Türkiye nüfusunun 55 milyon kadarının batıda yaşadığını yani teknik ve bilimsel olarak gmt+2 de olduğunu iddia eden “lunabike”, ancak hükümetin zorla bu kadar milyon insanı gmt+3 e göre yaşatmaya çalıştığını söylemiş. 
“lunabike” yaz saatinin kalıcı olmasının insan psikolojine etkisini ise şöyle anlatmış: “Dünyadaki tüm ama tüm canlılar bitkisinden hayvanına kadar güneşe göre hareket ederler, biyolojik olarak böyle evirilmişlerdir ve zaten insanın kurduğu sistem onu zorla sabahın köründe kaldırırken hiç olmazsa güneş yavaştan doğar ve aydınlık başlarken kalkıyorduk. Şimdi ise resmen gece kalkıyoruz çünkü bir günlük zaman dilimi içindeki her güneşin olmadığı yani doğmadığı karanlık an teknik olarak gecedir. İnsanlar için gün ışığı akşam 17.00’den sonra değil asıl metabolizmasını harekete geçirmesi gereken ve biyolojik saatini geceden güne çevirmesi gereken sabah saatleridir. Zaten Türkiye’nin yaşam şartlarında herhalde ancak binde bir insan akşamüstü saatlerde sokaklarda laylaylom yapabilmektedir. 
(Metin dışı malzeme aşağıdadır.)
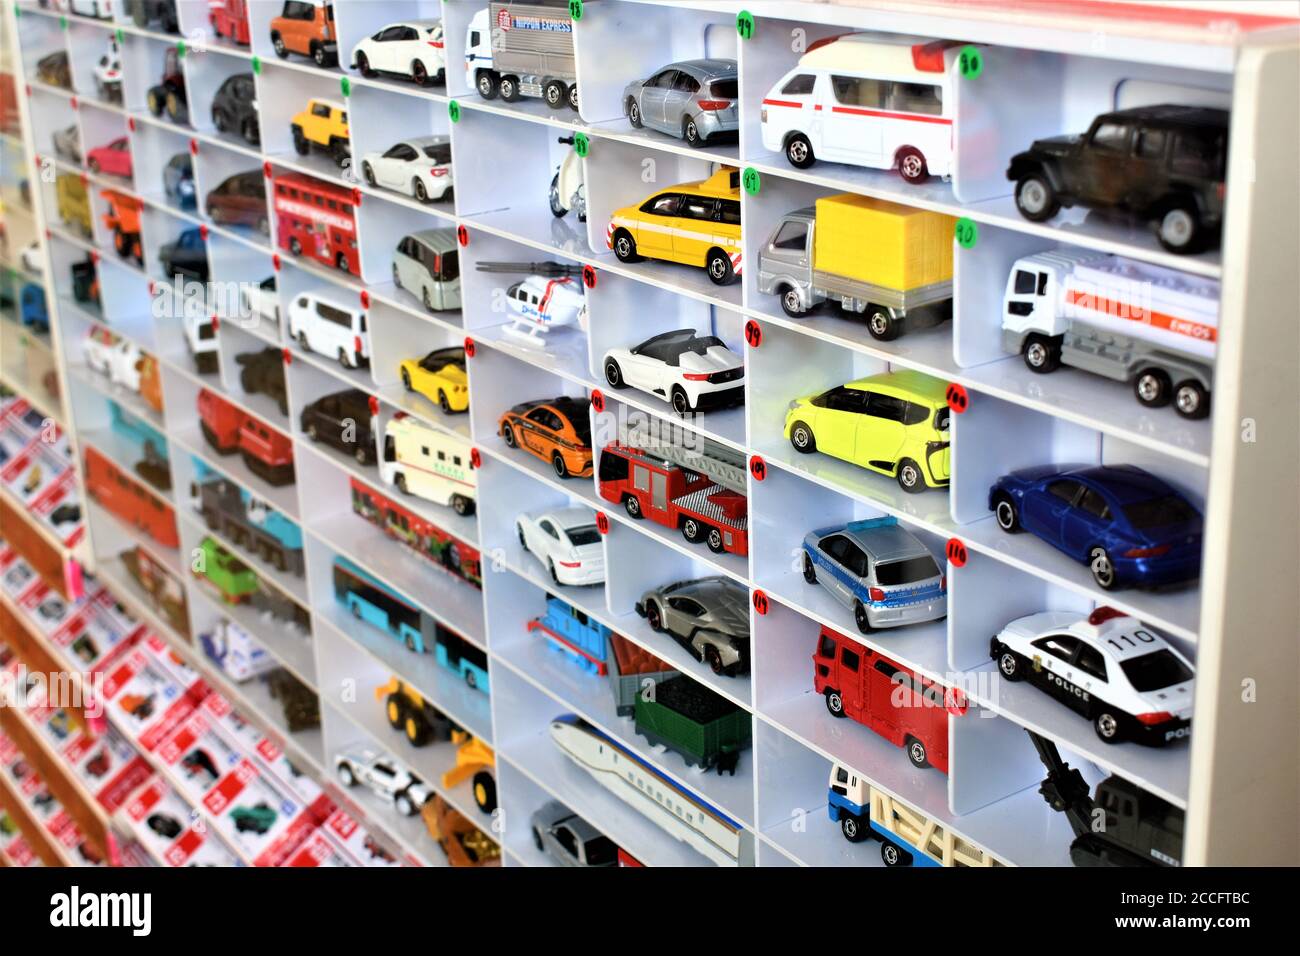 Diecast model cars are displayed for sale on a shelf in a toy store Stock Photo

Son olarak da “lunabike” yazısında öneri getirmiş ve şöyle bitirmiş: “Türkiye’nin yerel saati gmt (greenwich main time) +2 dir. Ve buna kış saati denir. Yaz saati yapaydır (tüm ülkeler için ve son 70-80 yılda uydurulmuştur). Yaz saati uygulamasından vazgeçen bir ülkenin (ki bu yapılabilir, bunda bir sorun yok işin bu kısmı gerçekten sadece uzmanları ilgilendirir) önce saatini geri alıp yani kış saatine (kendi ve gerçek saatine) geçip ondan sonra bu uygulamayı sonlandırması gerekir. 
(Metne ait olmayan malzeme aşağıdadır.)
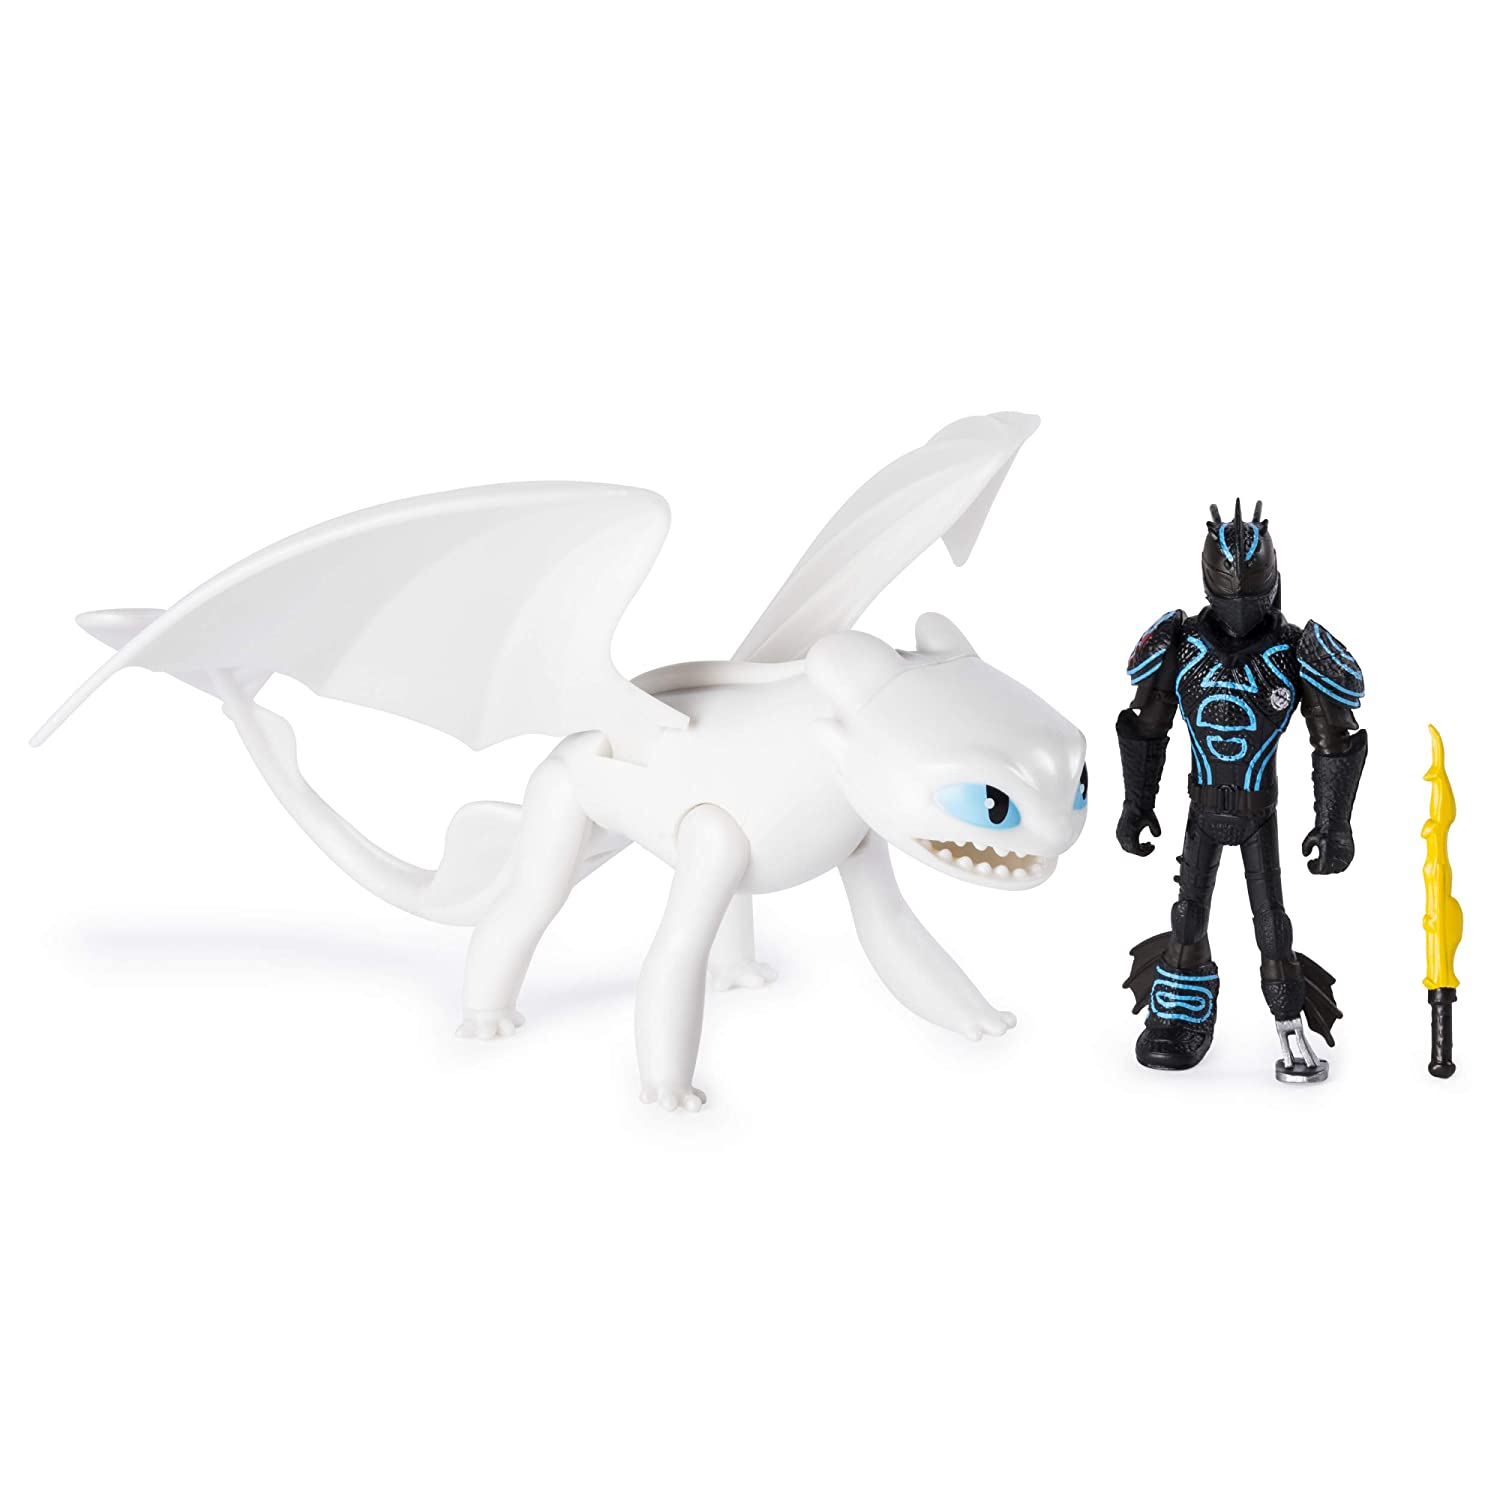 Dreamworks Dragons, Lightfury and Hiccup, Dragon with Armored Viking Figure, for Kids Aged 4 and Up

Eğer saatlerini 1 saat geri almadan sonlandırırsa işte o zaman mesele sadece uzmanları değil tüm vatandaşları, herkesi ilgilendirir. Kundaktaki bebeğe kadar! Çünkü biyolojine aykırı bir şeyi sana dayatmış oluyorlar.”
Vallah “lunabike” güzel anlatmış. Biyolojik saatimize göre bir uygulama yapılmazsa ilkokul 1’e giden kızım her sabah kalktığında bana “Gece mi hala baba?” diyecek. 
Sırf bu işi tasarruf olsun diye yapıyorsanız rakamlar öyle söylemiyor.
Şu vatandaşın çilesine son verin. 
İşe ve okula gitmenin tadını çıkarsın insanlar, çile çekmesinler.